◆ Assignment:
Find the line below with "Rezydencja Morski Tygiel, Łeba" and the line with "093-whiteroom-wedding-photographer-2019-05-22_0075.jpg". Output exactly those lines and everything between them, leaving out the pictures.

◆ Dataset entries:

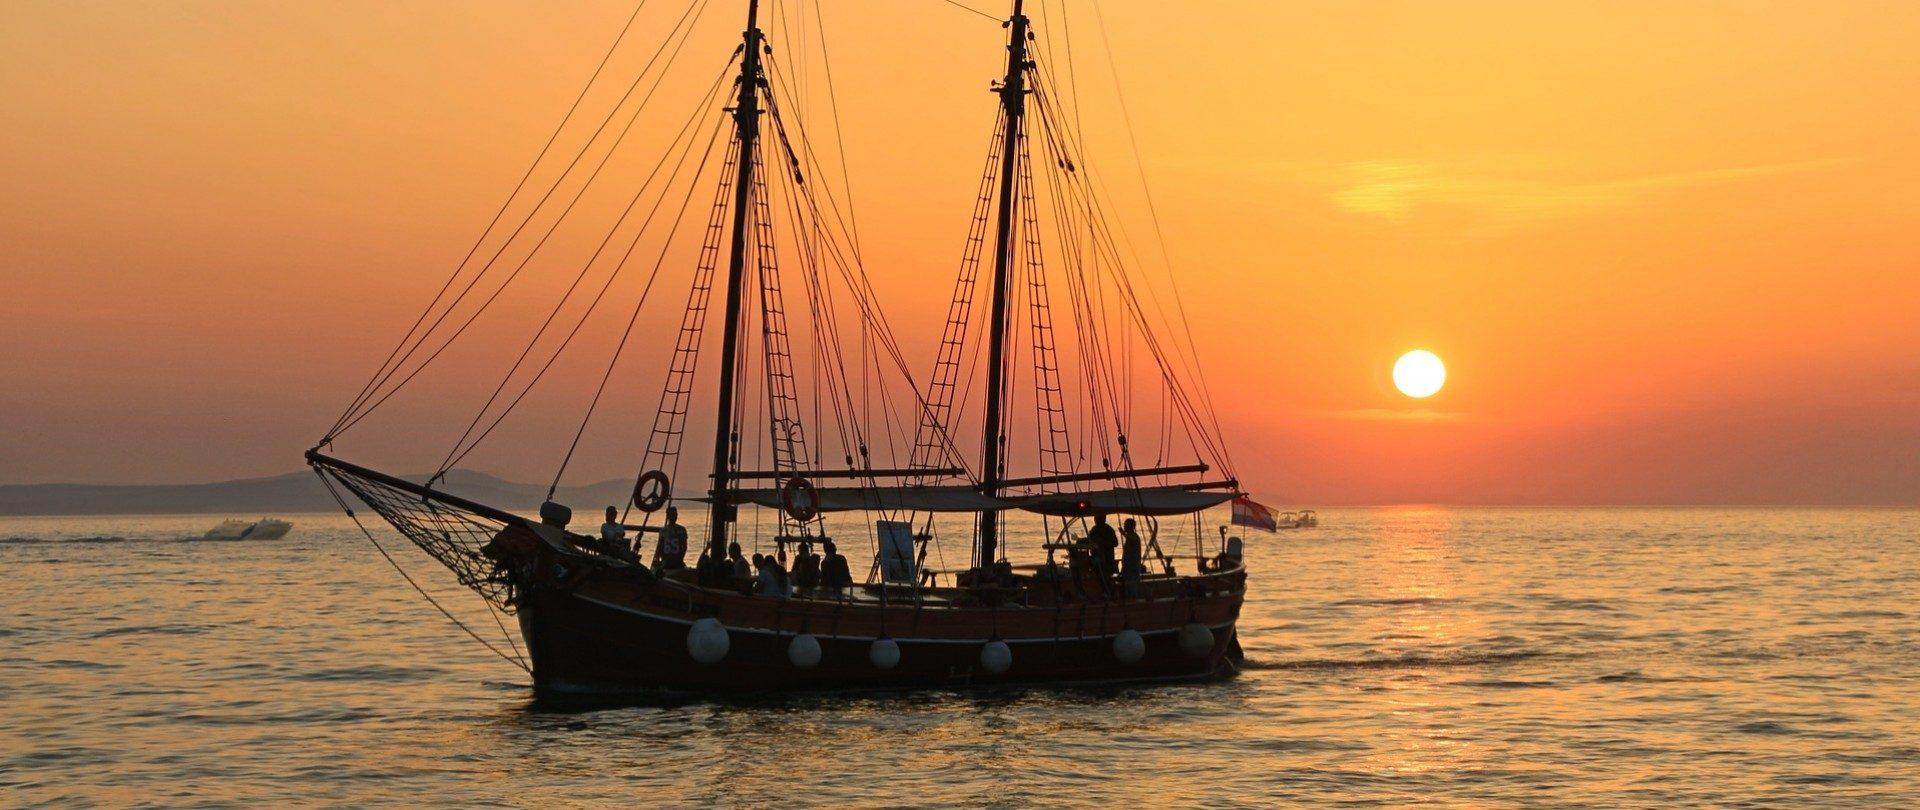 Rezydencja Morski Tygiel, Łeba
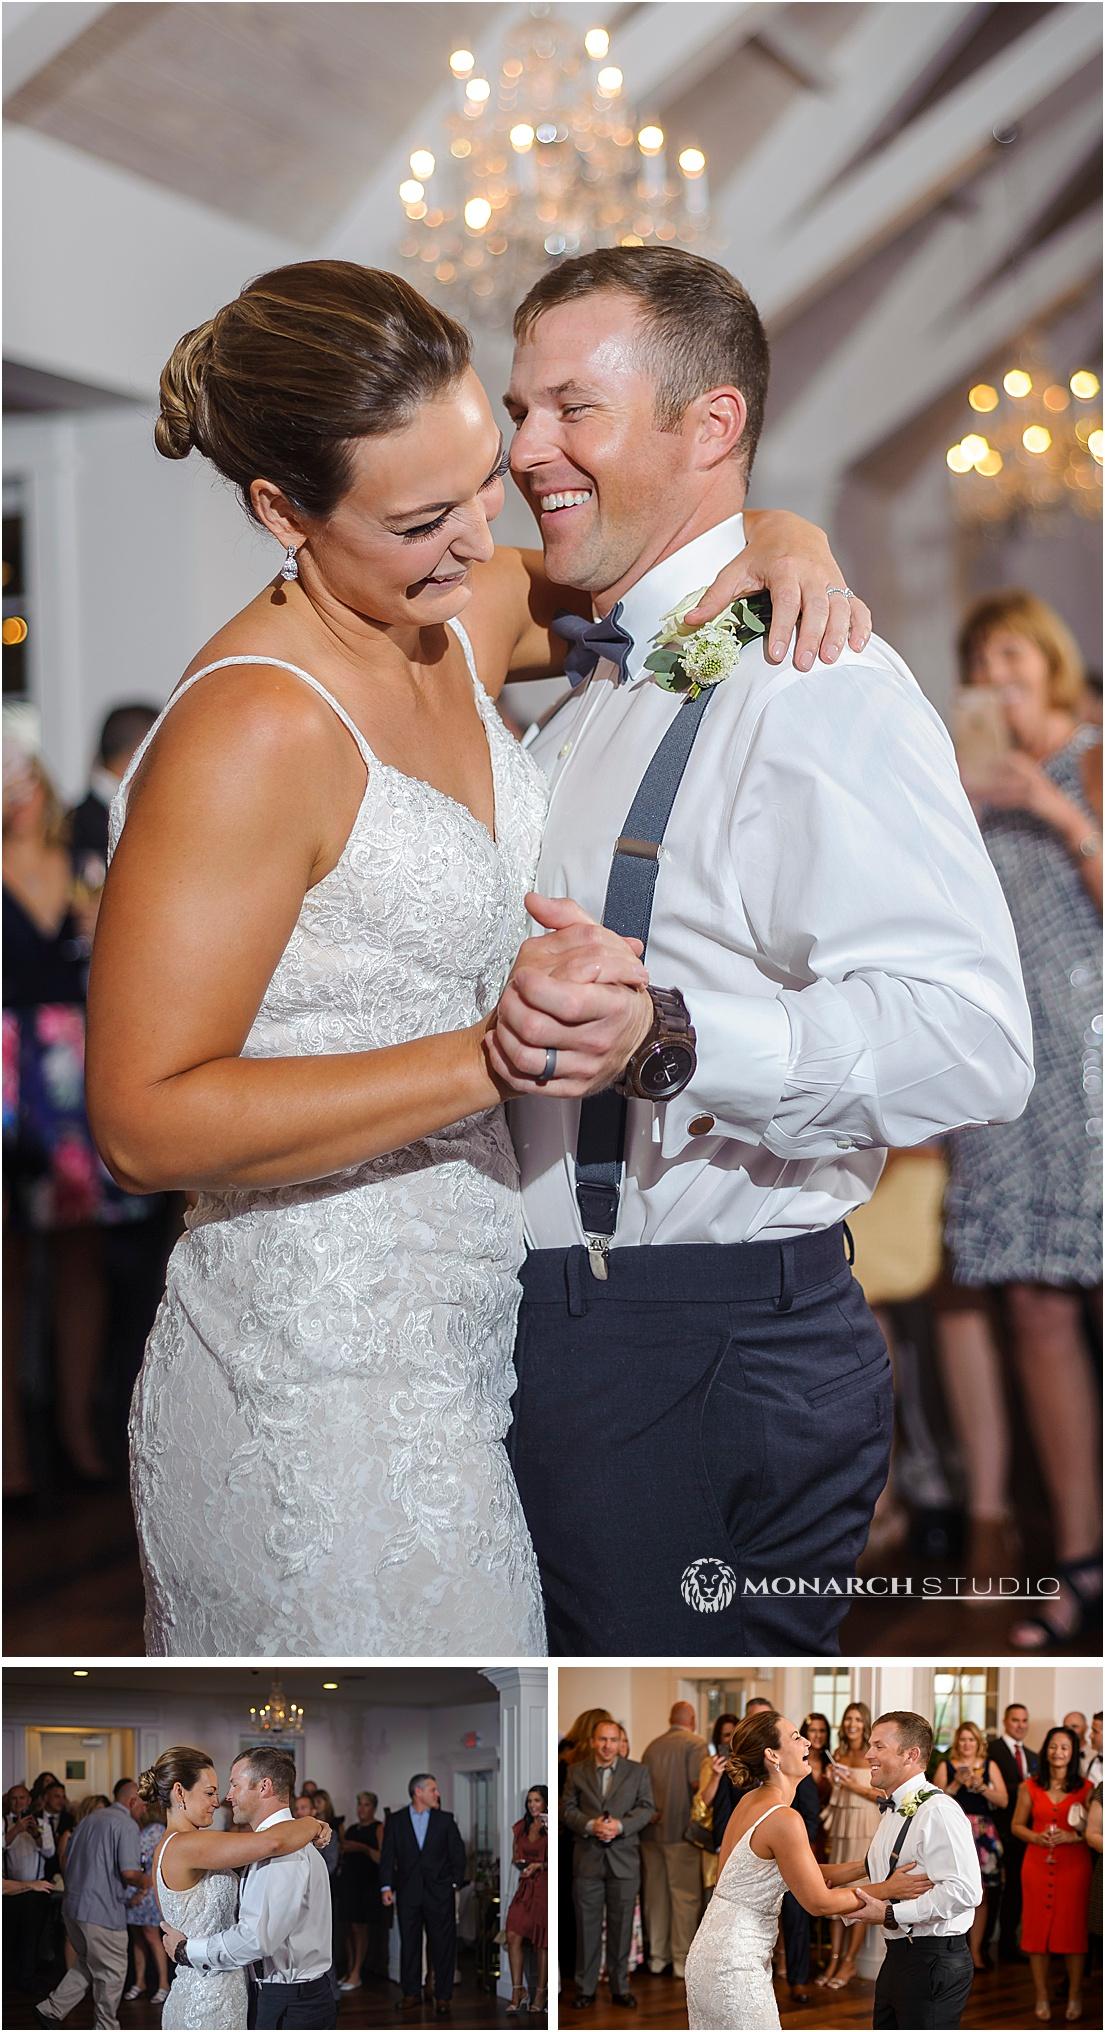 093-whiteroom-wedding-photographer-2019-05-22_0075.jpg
---
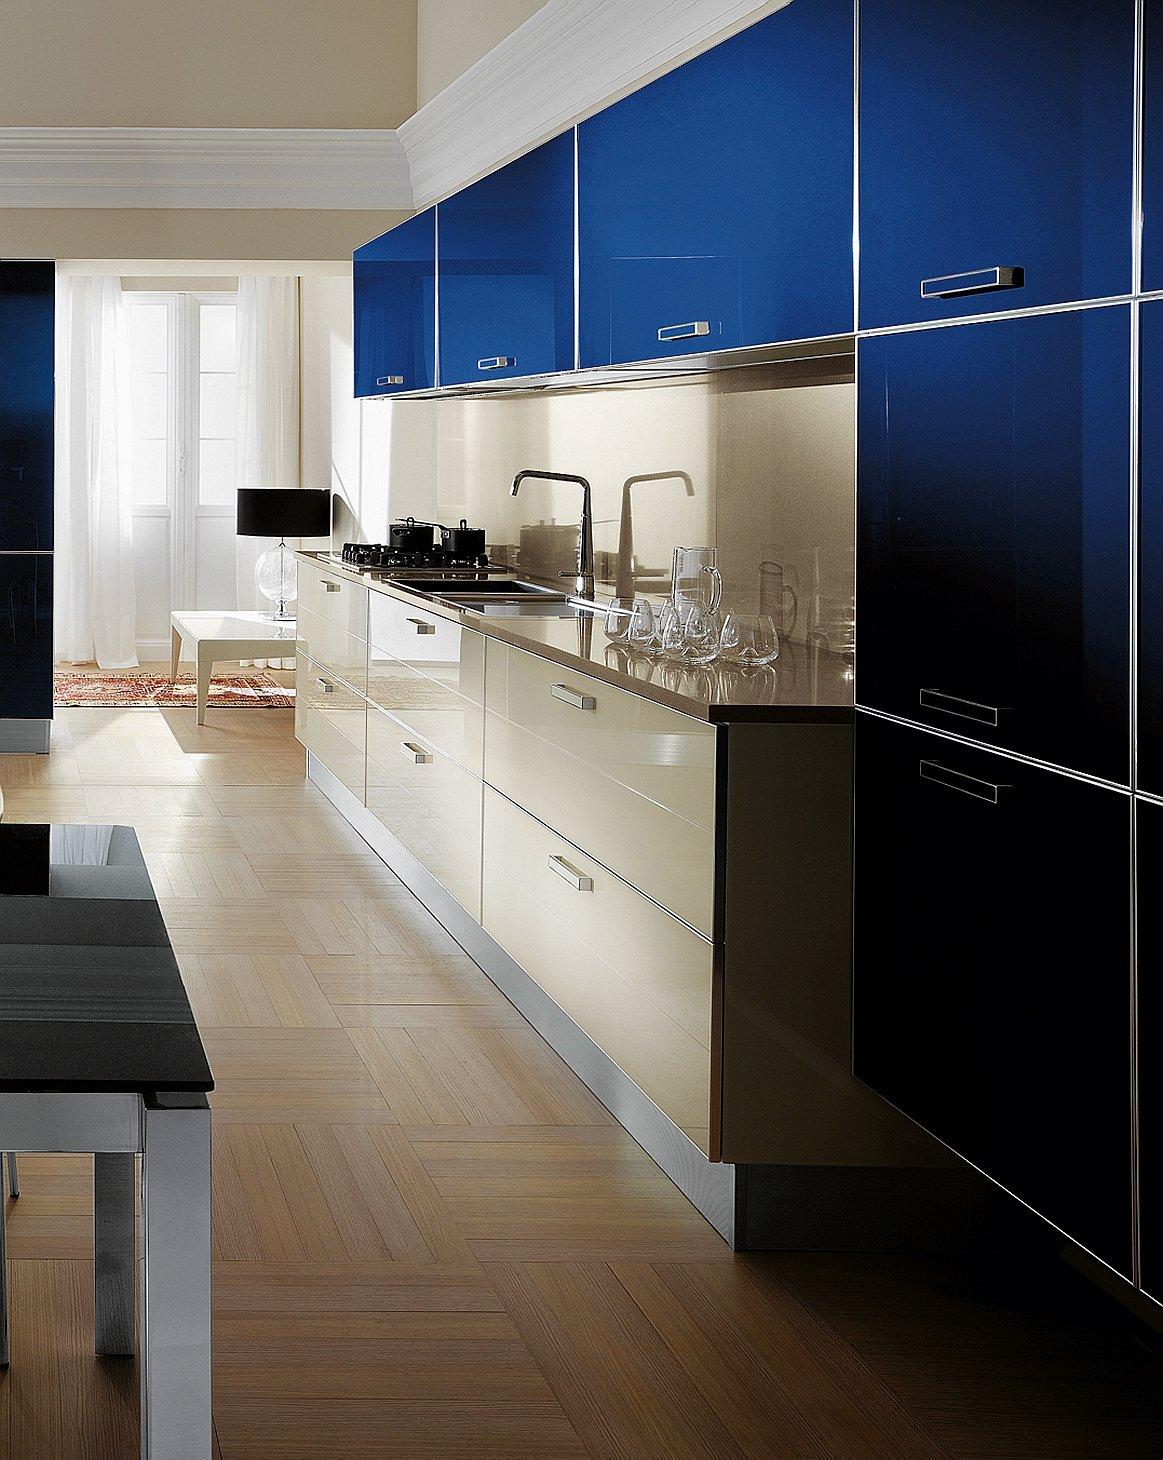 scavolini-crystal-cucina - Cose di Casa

◆ Solution for this problem:
 Rezydencja Morski Tygiel, Łeba
 093-whiteroom-wedding-photographer-2019-05-22_0075.jpg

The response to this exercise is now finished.